_WORK ORDER_:
Produce an exact transcription of the listing below, omitting the pictures.
== SOURCE MATERIAL ==
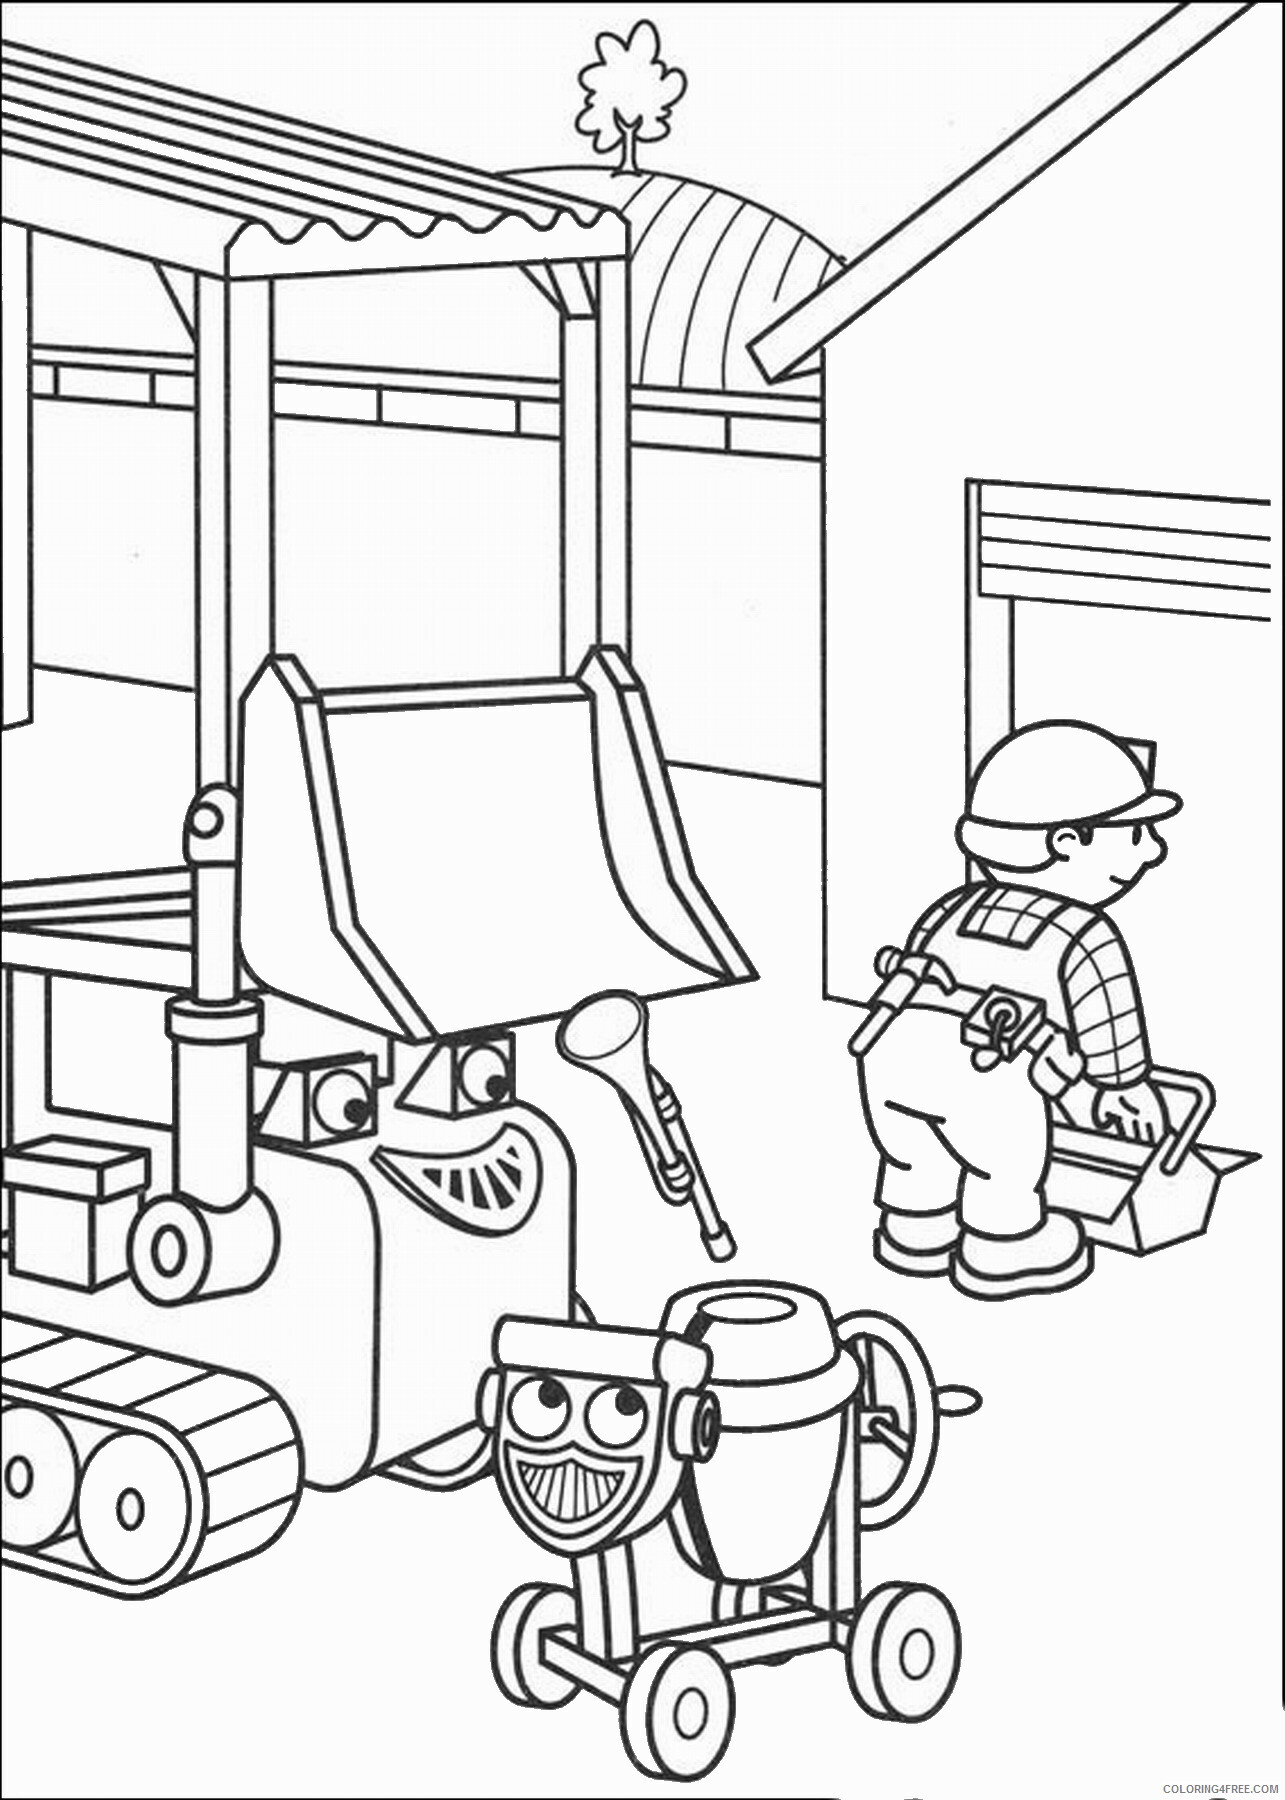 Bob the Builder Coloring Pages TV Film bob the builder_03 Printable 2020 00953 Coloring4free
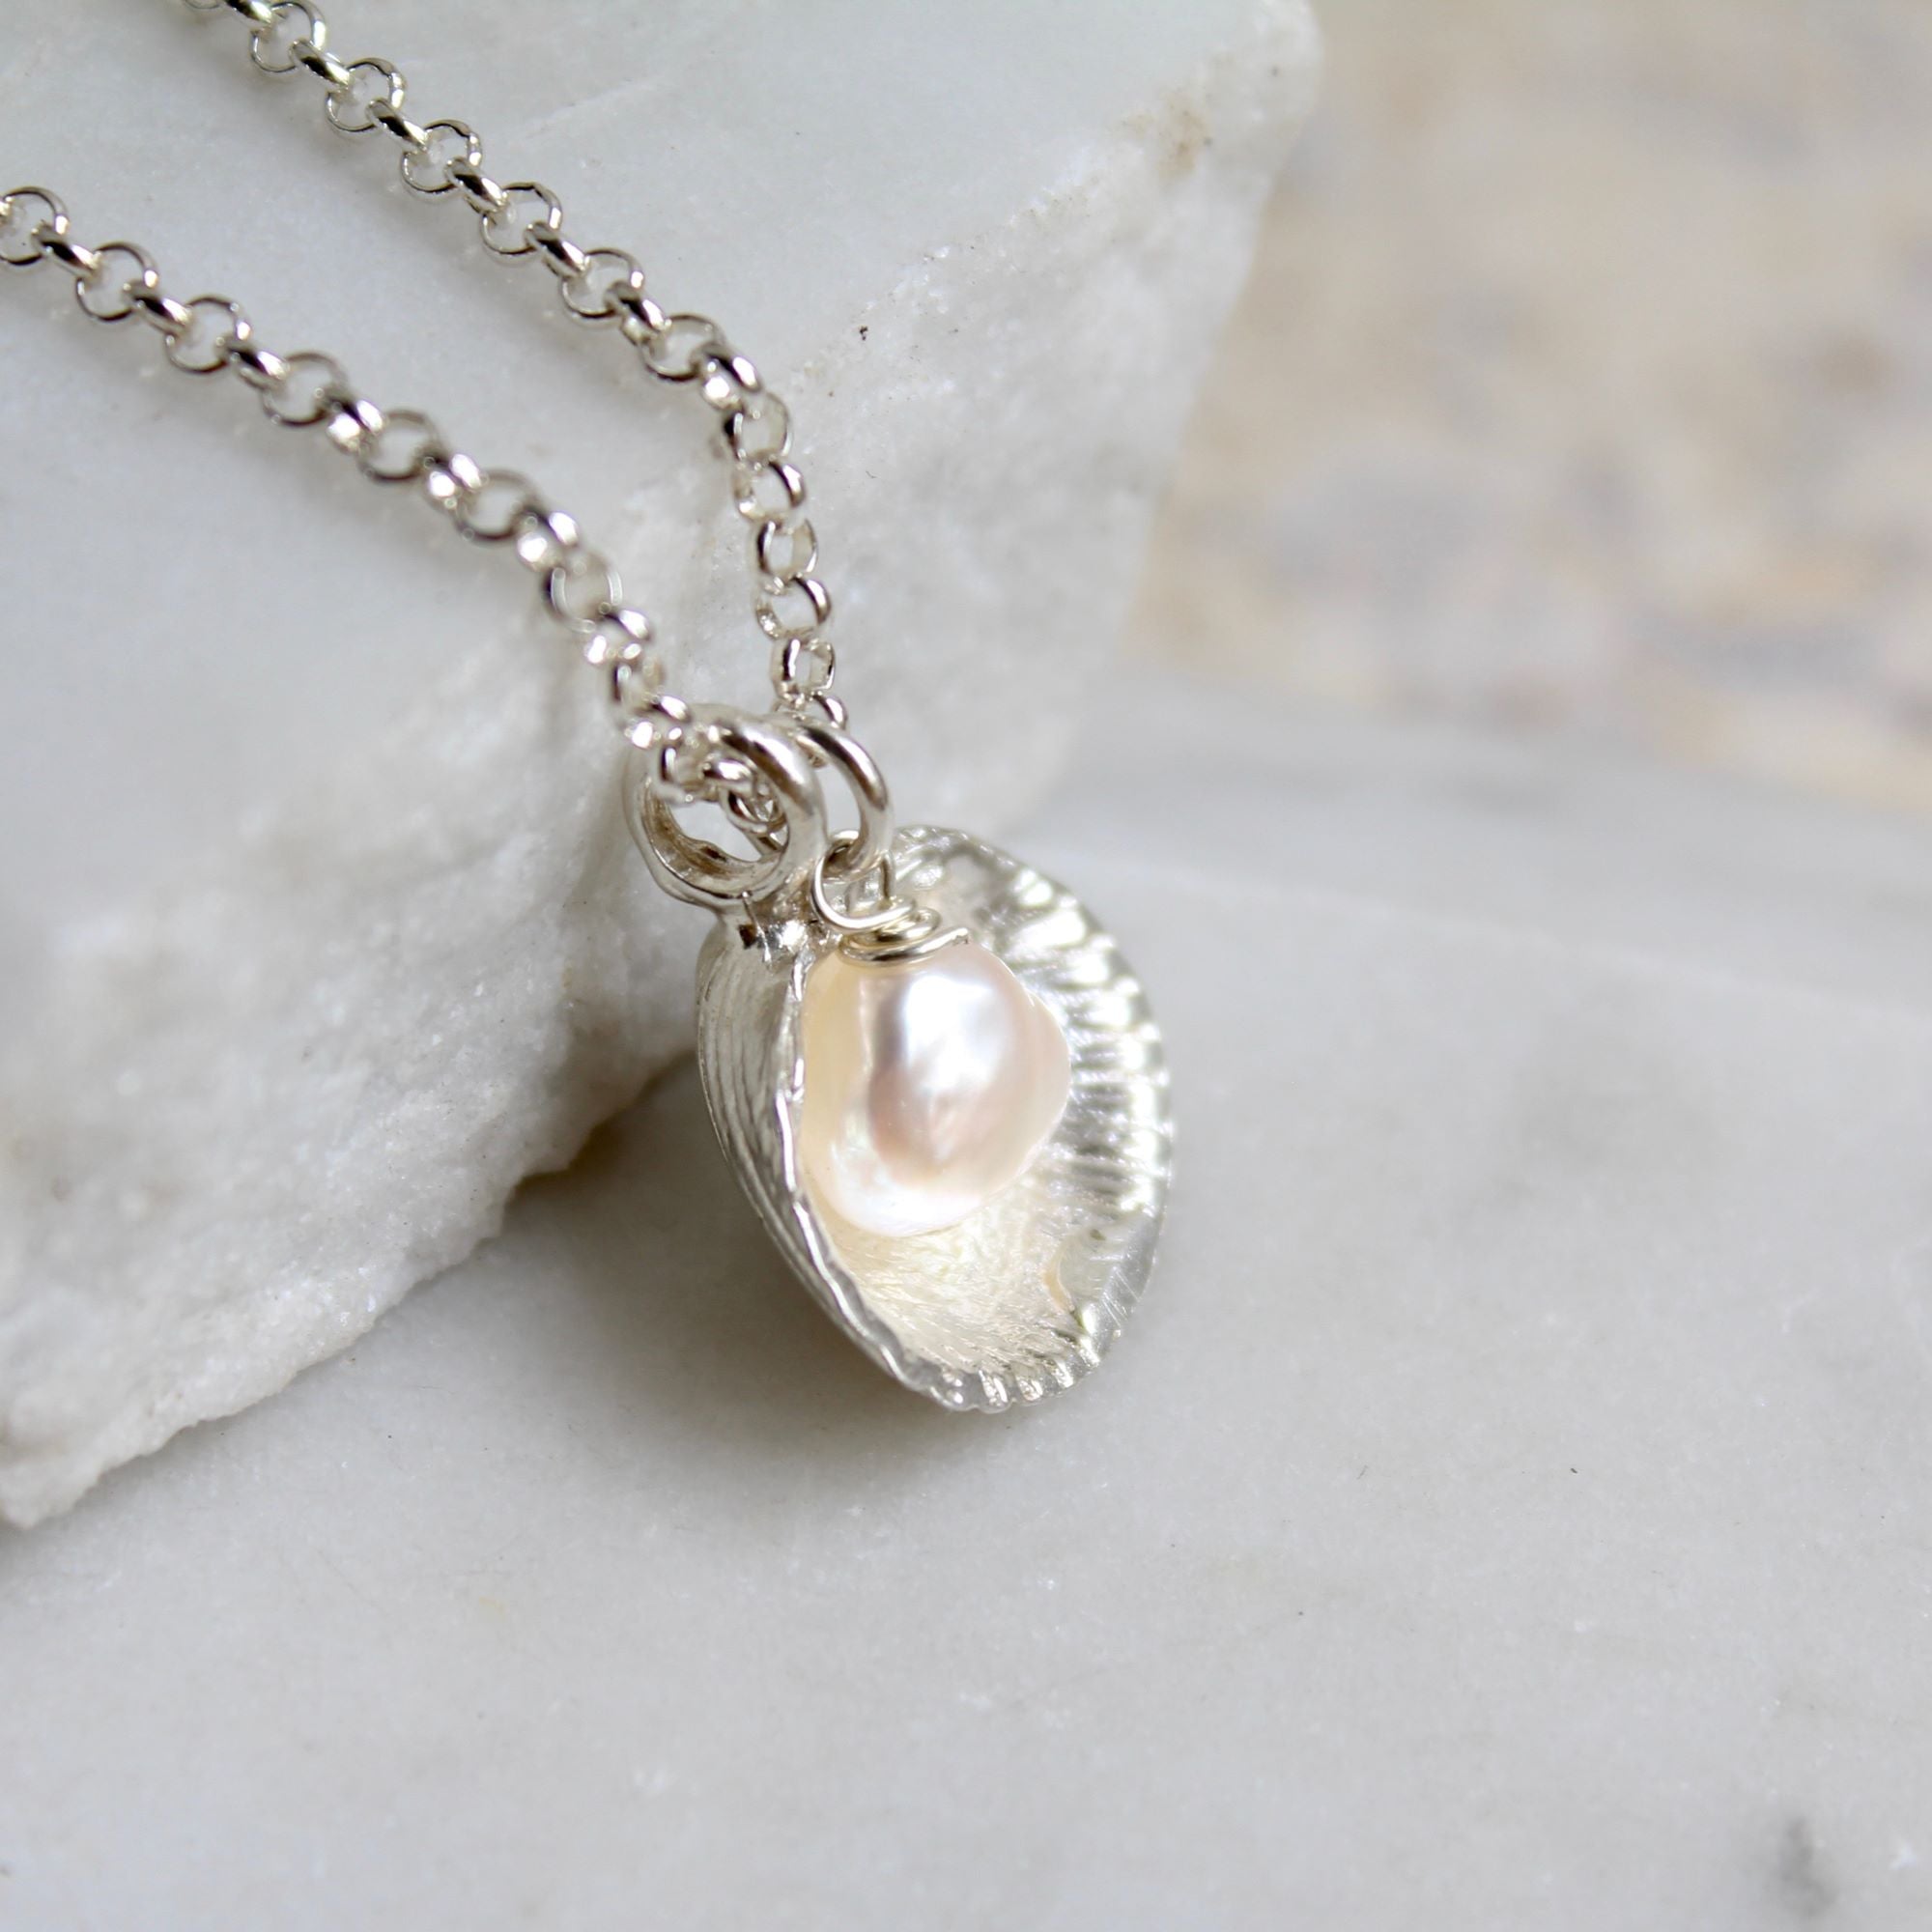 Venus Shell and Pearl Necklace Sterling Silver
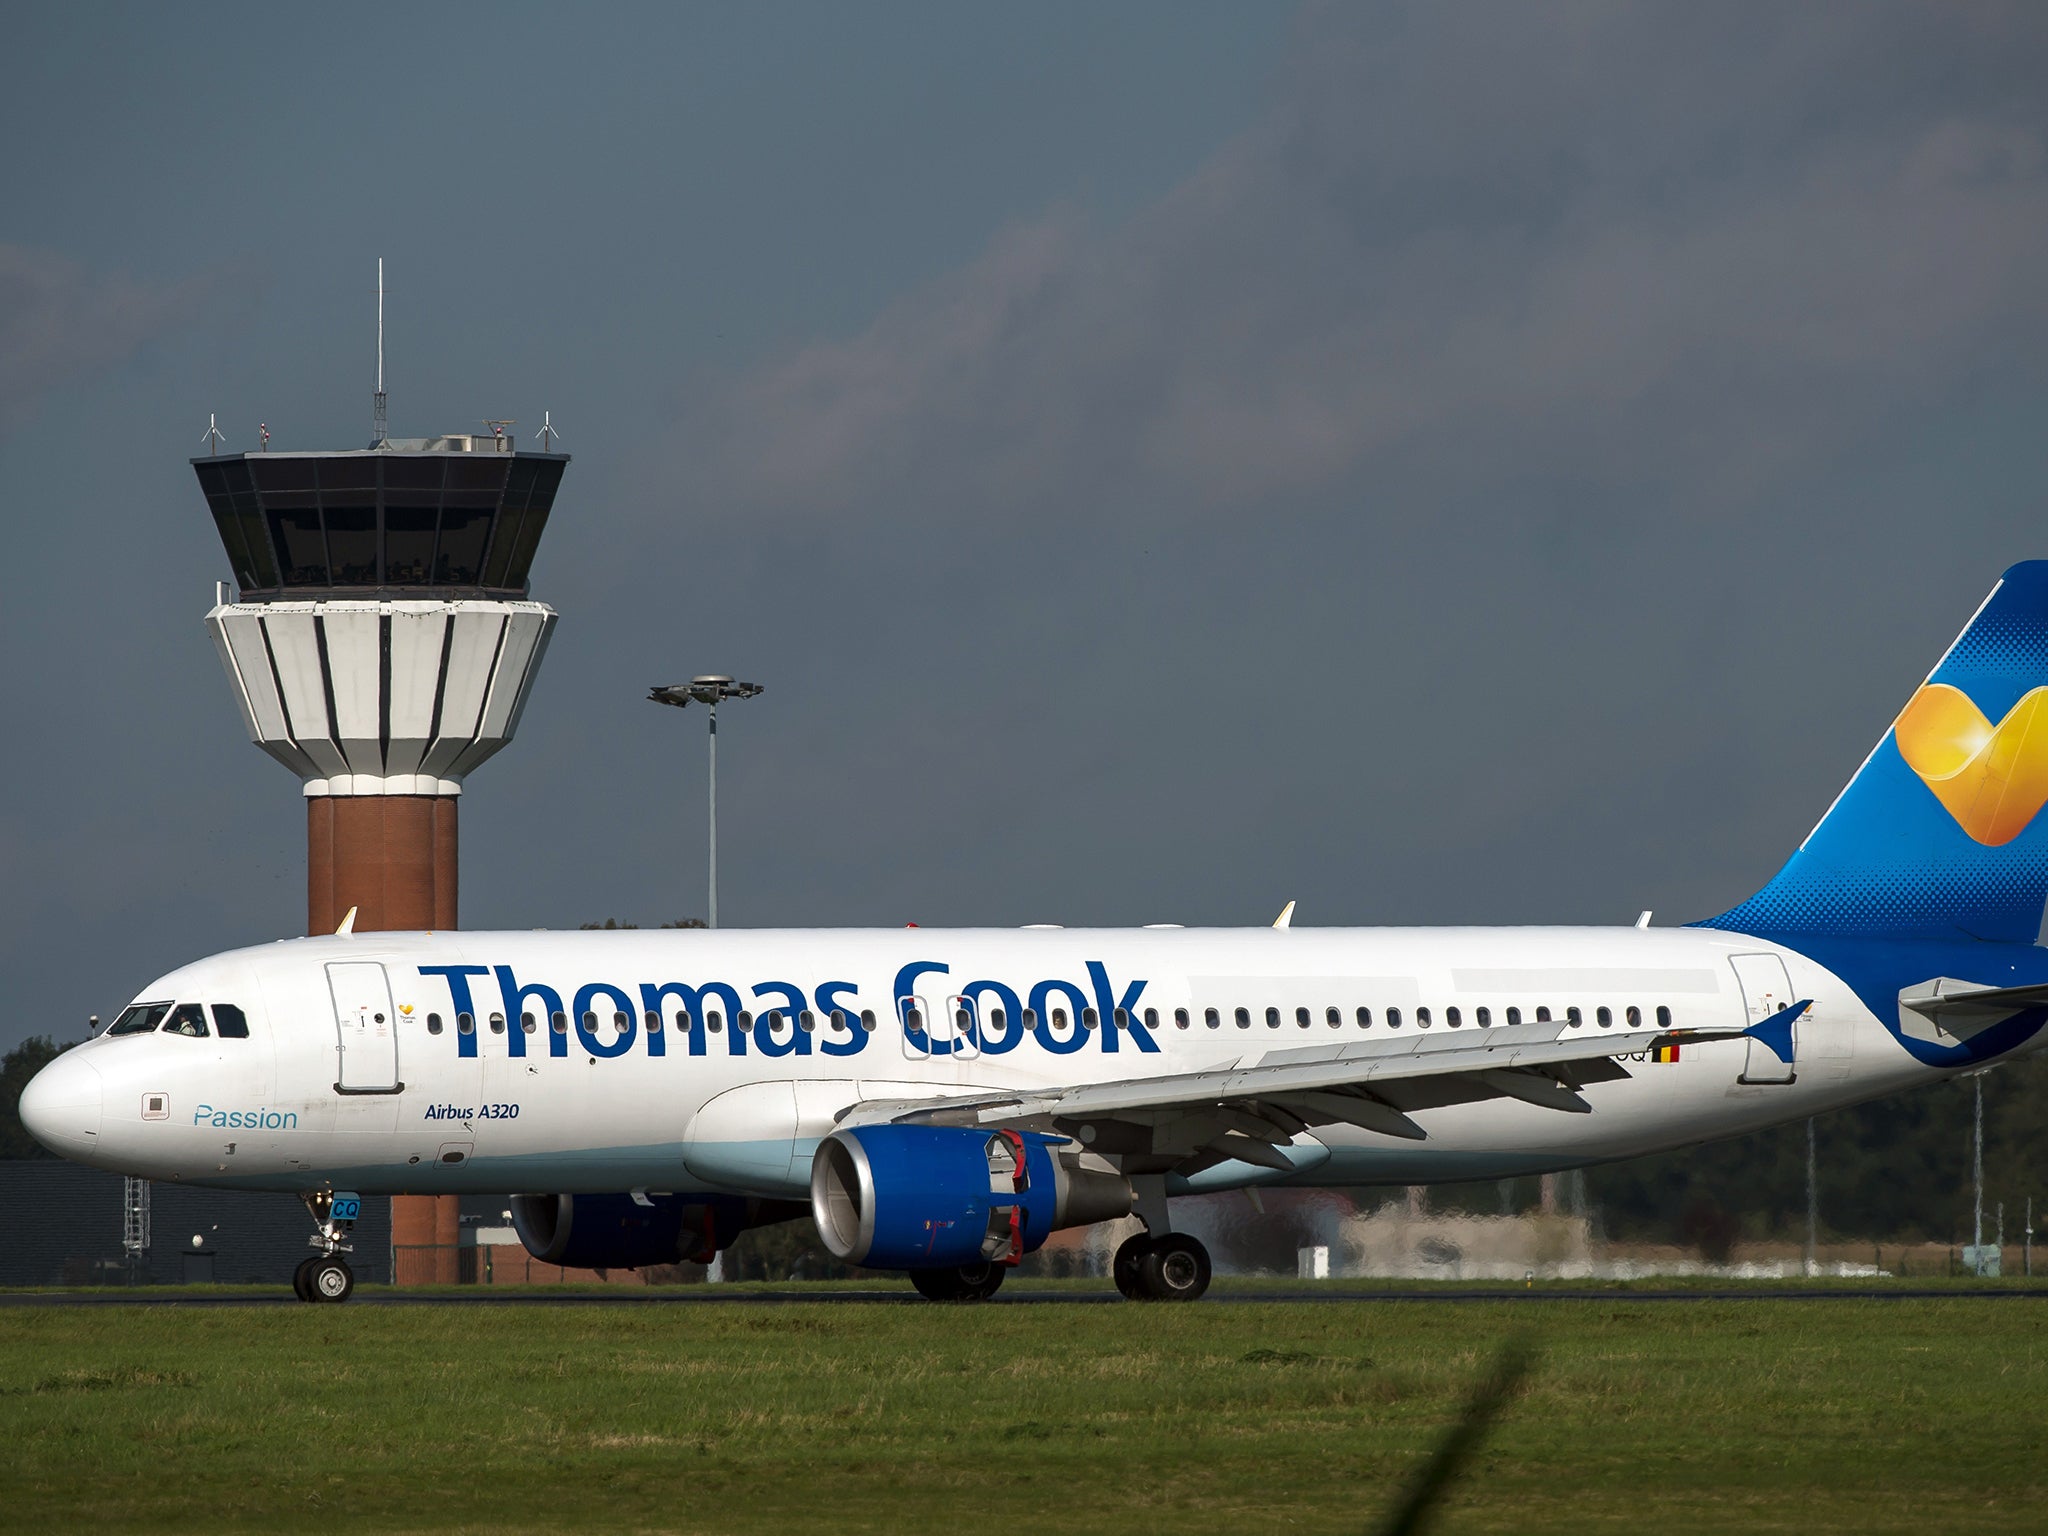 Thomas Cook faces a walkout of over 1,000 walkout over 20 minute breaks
===
_RESPONSE_:
 Bob the Builder Coloring Pages TV Film bob the builder_03 Printable 2020 00953 Coloring4free
 Venus Shell and Pearl Necklace Sterling Silver
 Thomas Cook faces a walkout of over 1,000 walkout over 20 minute breaks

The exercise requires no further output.